2.3 Section numbering and cross-references

Section titled “2.3 Section numbering and cross-references”

Every chapter owns a fixed chapter number (shown in the sidebar as 5 · Value objects). Section headings within a chapter carry that number as a prefix — ## 5.1 General, ### 5.2.1 Fields — and cross-references cite it with the § glyph, linking to the heading anchor:

See §5.2 for the value-object grammar.

Chapter numbers are stable: a new chapter added later takes the next free number; existing chapters are never renumbered, so anchors and inbound links stay valid.

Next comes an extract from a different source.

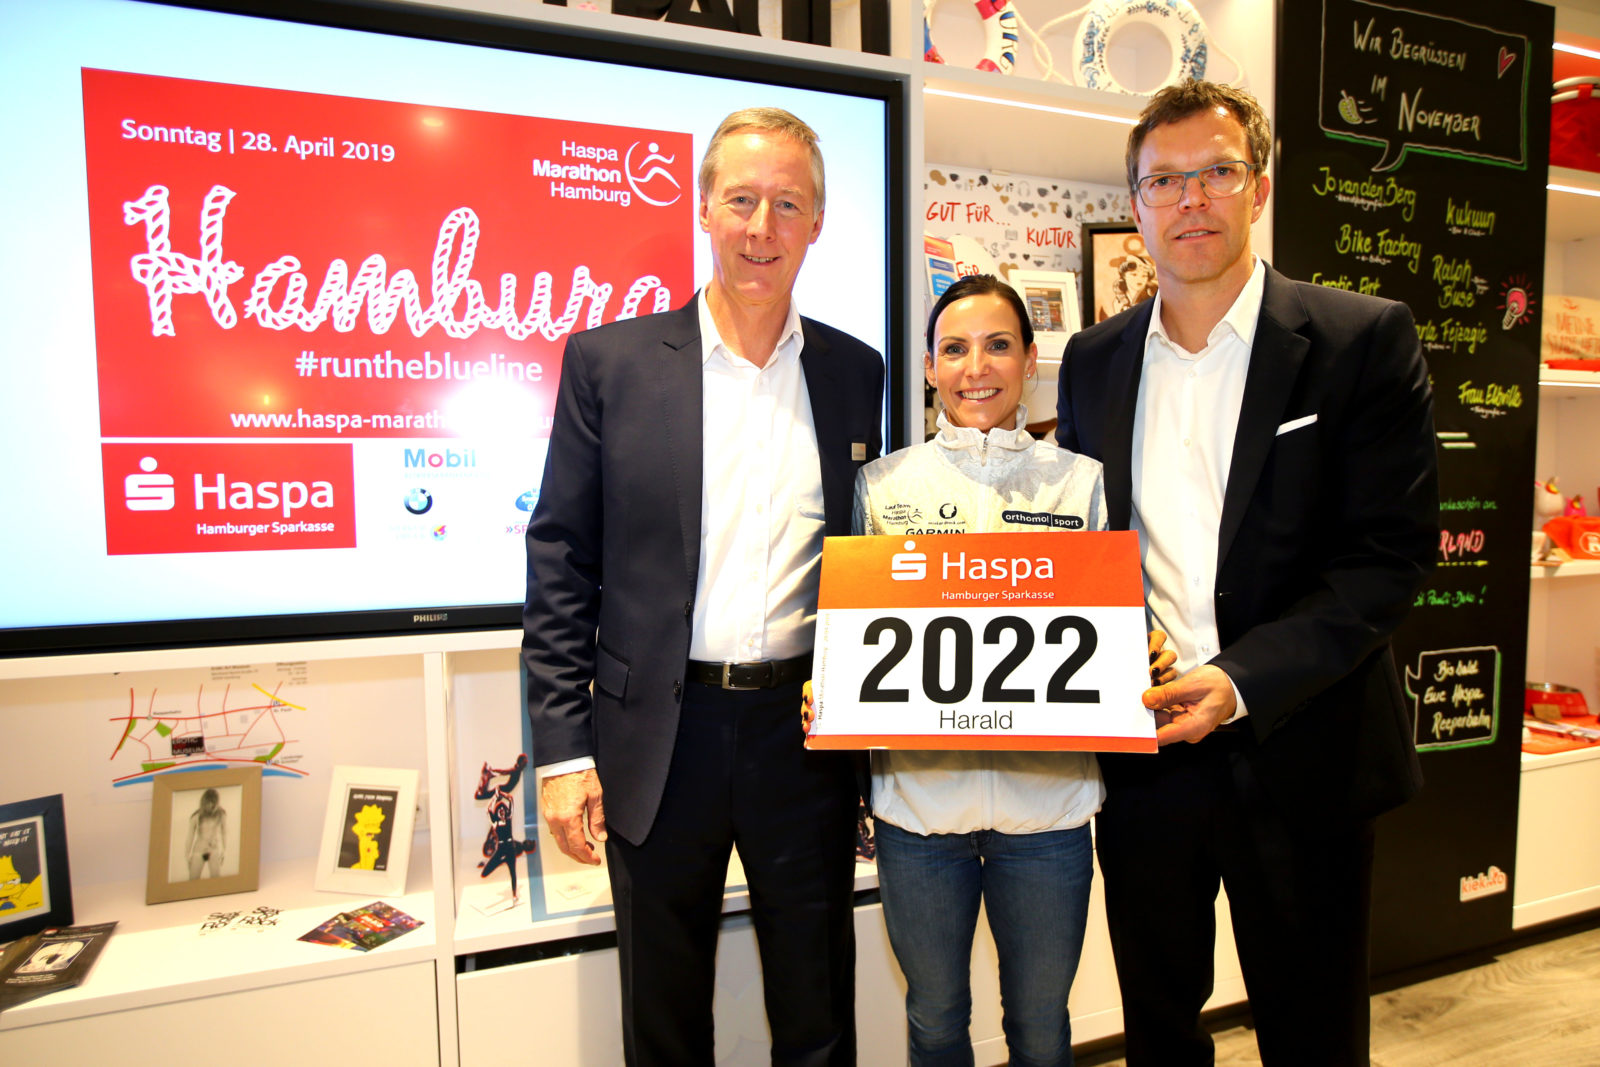 Haspa verlängert bis 2022 – Mocki läuft Halbmarathon

This specification uses themed asides:

When the compiler rejects ill-formed input it raises a diagnostic with a stable code of the form KOI#### and a symbolic name. Semantics sections cite these inline, e.g. “declaring a type named List raises KOI0908 (ReservedTypeName)”. The codes are part of the compiler’s contract and are safe to match on in tooling.

“Translation to C#” sections show idiomatic C# from the current emitter (Emit/CSharp/). The emitted code is snapshot- and compile-tested in the repository, so the shapes shown are real. Because the language is target-agnostic, the same model drives other emitters too (TypeScript, Python, PHP, and Rust ship today — Rust covers multi-context models and the CQRS read side); only the Translation sections are C#-specific.